The main tables of this publication do not include alternative energy sources, although it is estimated that these sources account for more than 7% of Canada's energy requirements. However, electricity produced by biomass has been included in the tables.

Data that are received are standardized based on heat content before inclusion in this publication.

Tables 11 and 12

In the upstream oilsands and heavy oil extraction processes, fuel is used from own production. Natural gas/hydrocarbon gas is obtained during the separation stage of the production of heavy crude from the steam injection process. Natural gas/hydrocarbon gas, diesel/synthetic and crude/naphtha are obtained during the separation stages of the oilsand extraction and used by the producing plants.
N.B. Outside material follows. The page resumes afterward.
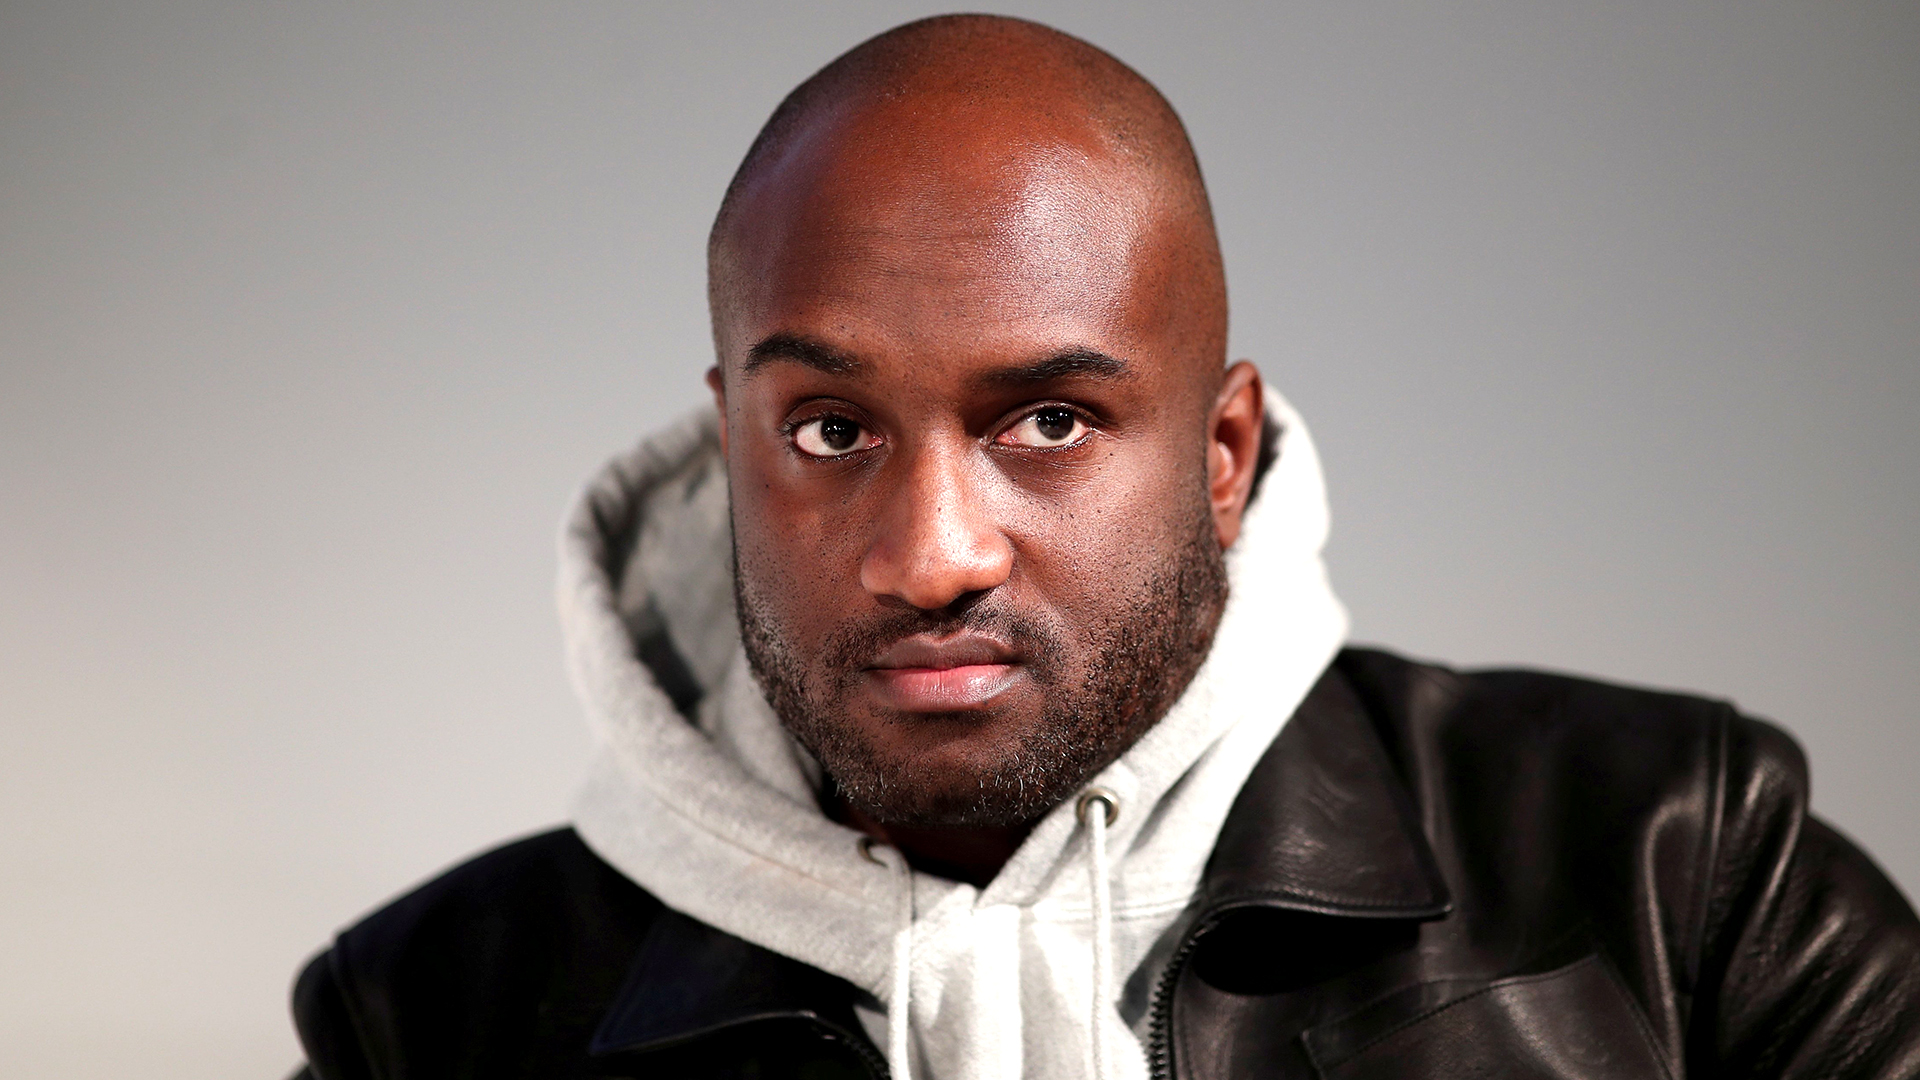 Virgil Abloh to slow down for medical reasons

During the processing in the oilsands plants and in the heavy oil upgraders, hydrogen treatment of heavy crude is carried out, a process which results in a volumetric gain in the amount of crude oil which the plants produce.

These tables provide the volumes of these usage/gains reported in the main tables of this report as an increase in ‘production’ or ‘Inter-product transfers’, with the disposition reported as ‘producer consumption’ or as usage in the ‘mining industry’. The volumetric gain in the crude oil due to hydrogen treatment is shown as a reduction in crude ‘Production’ and an ‘Inter-product transfer’ into the crude oil stream.